Copy out all of the lines below exactly; the pictures do not belong in the copy.

Stored dataset items:
┄┄┄┄┄┄┄┄┄┄┄┄┄┄┄┄┄┄┄┄
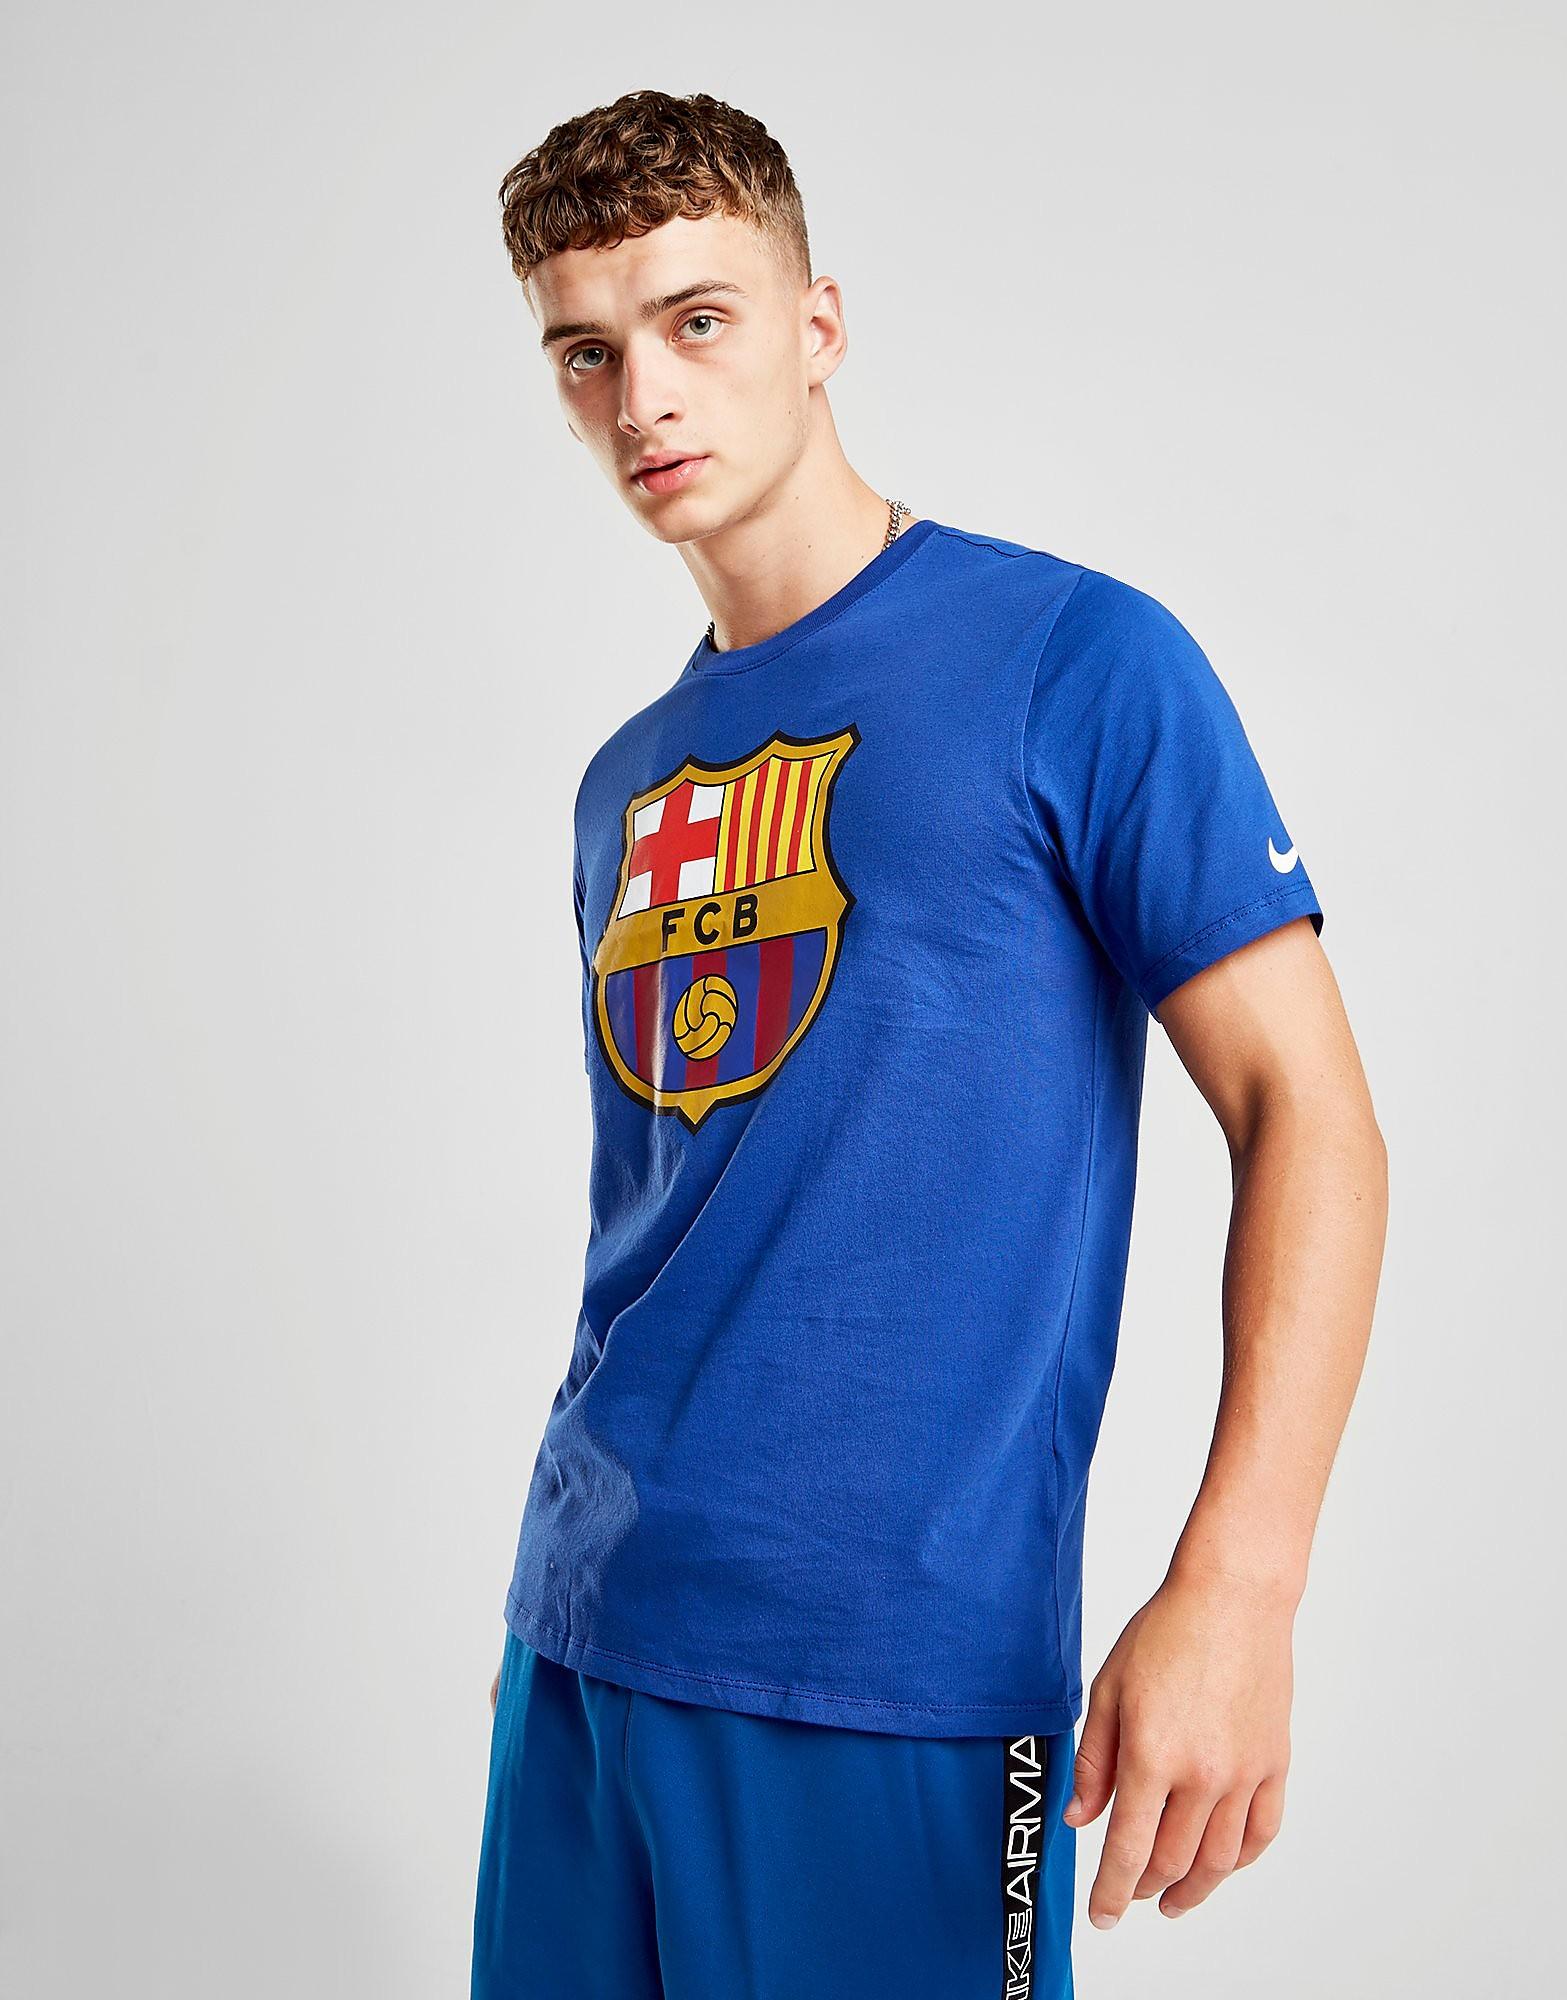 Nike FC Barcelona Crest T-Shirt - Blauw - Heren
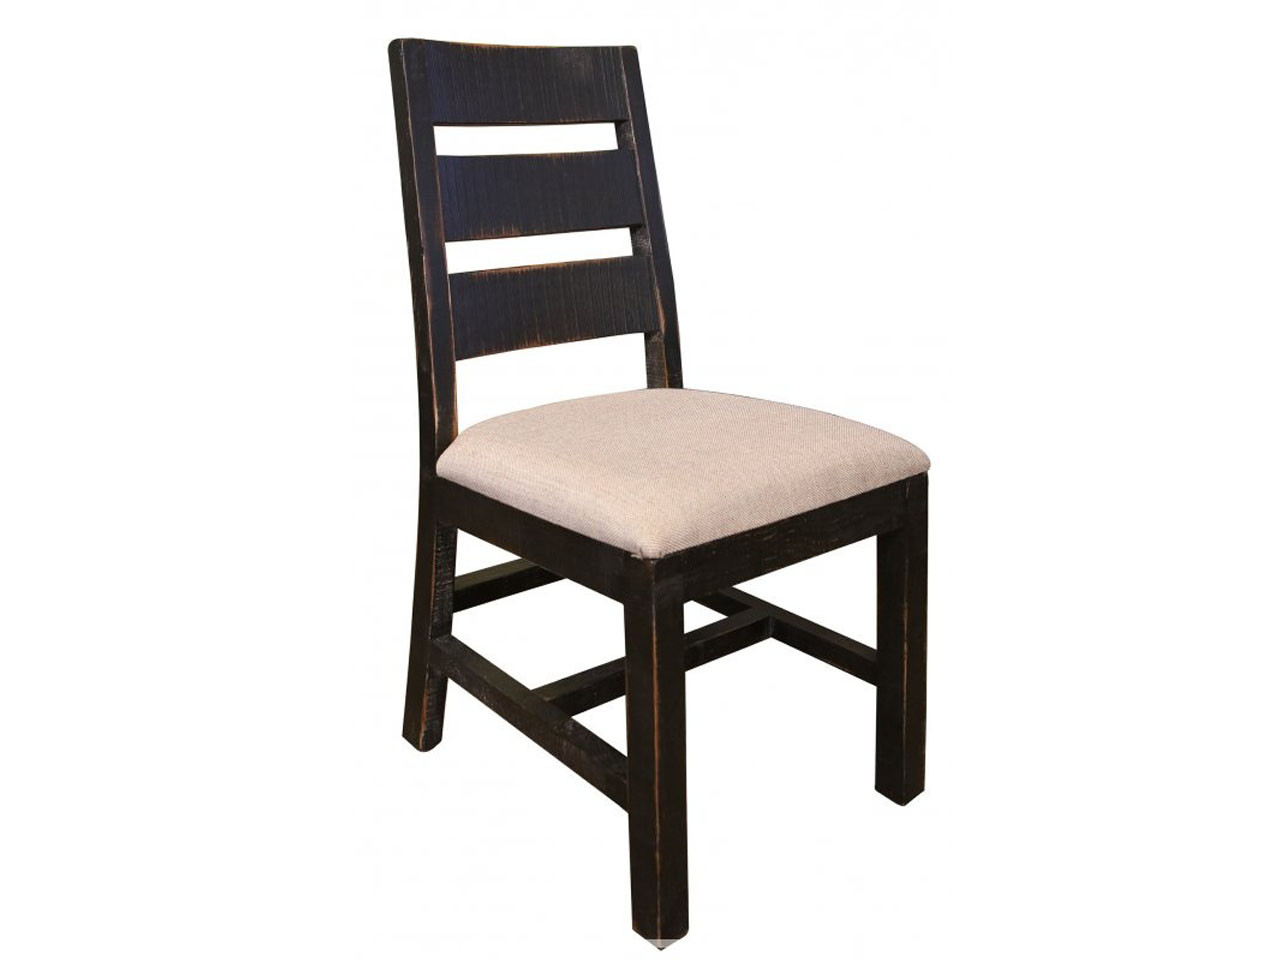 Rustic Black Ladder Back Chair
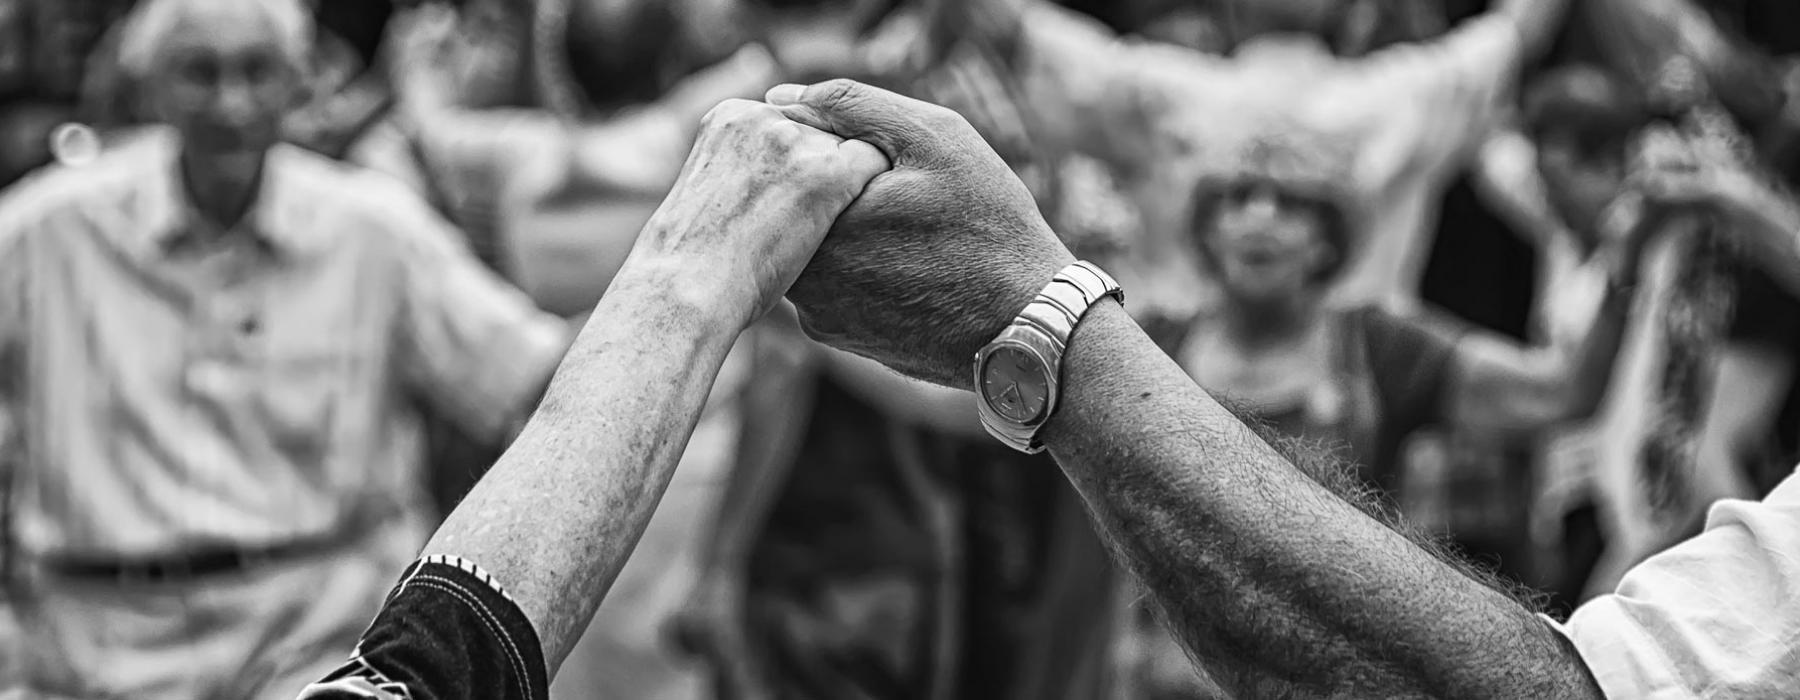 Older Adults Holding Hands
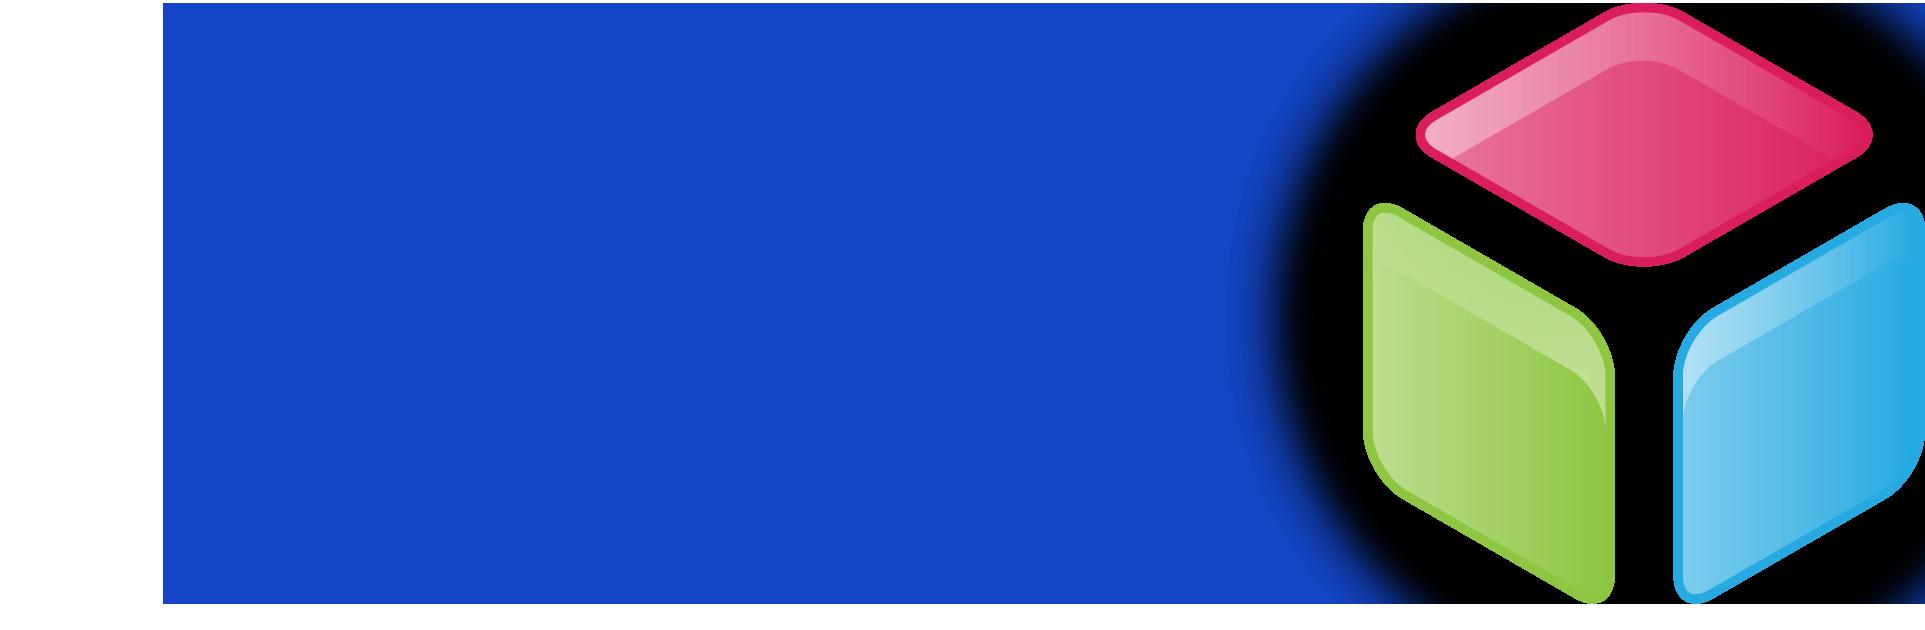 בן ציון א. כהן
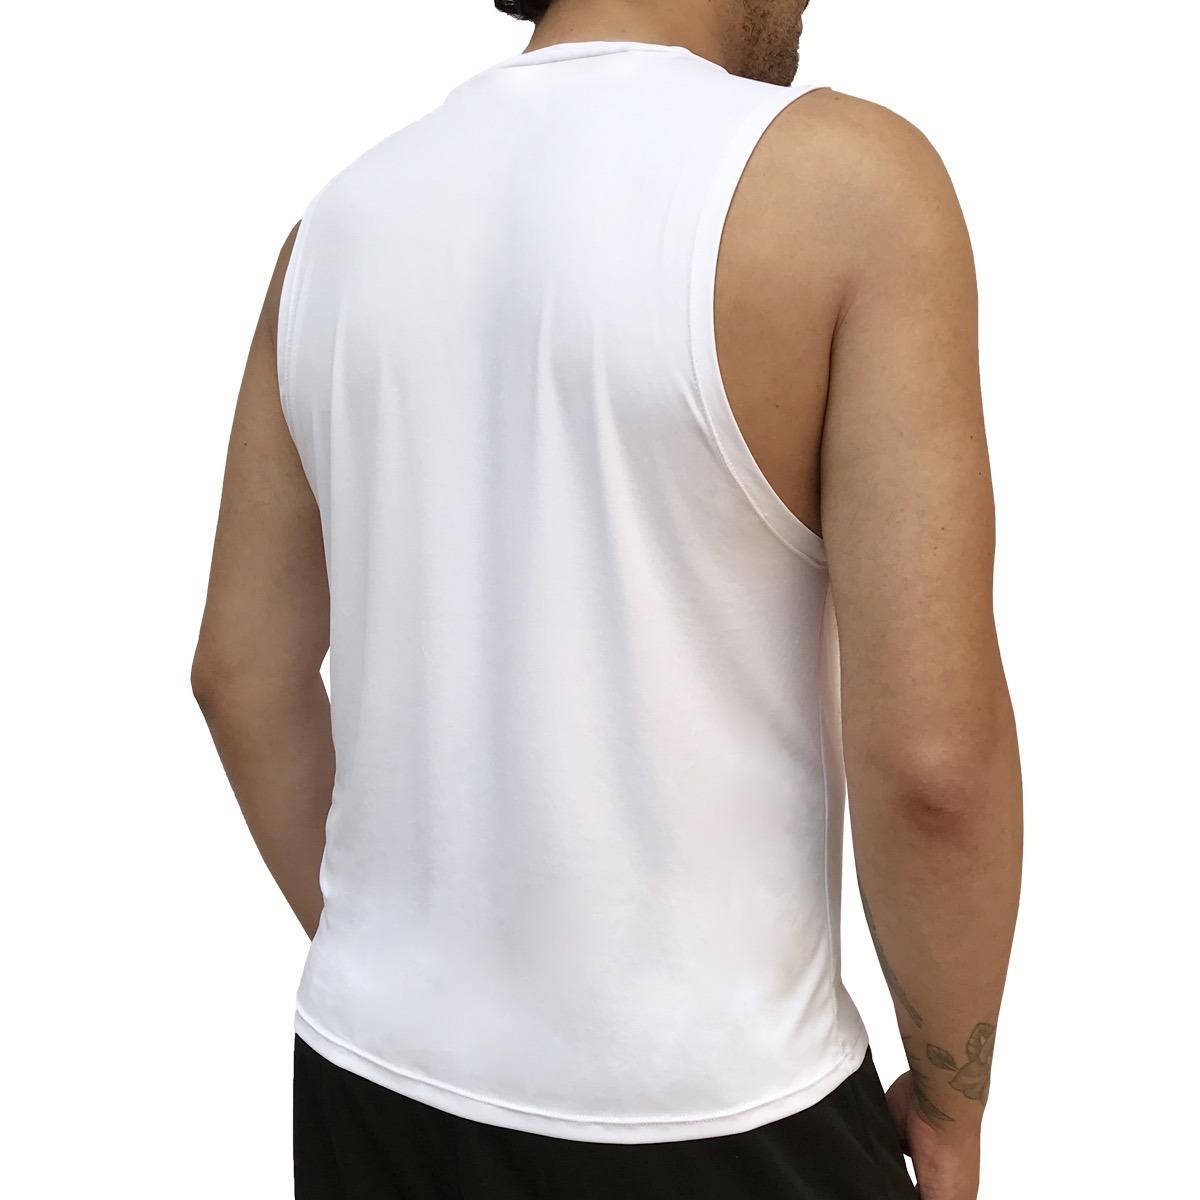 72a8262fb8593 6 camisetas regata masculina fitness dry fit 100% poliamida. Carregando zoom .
┄┄┄┄┄┄┄┄┄┄┄┄┄┄┄┄┄┄┄┄
_Final answer_
 Nike FC Barcelona Crest T-Shirt - Blauw - Heren
 Rustic Black Ladder Back Chair
 Older Adults Holding Hands
 בן ציון א. כהן
 72a8262fb8593 6 camisetas regata masculina fitness dry fit 100% poliamida. Carregando zoom .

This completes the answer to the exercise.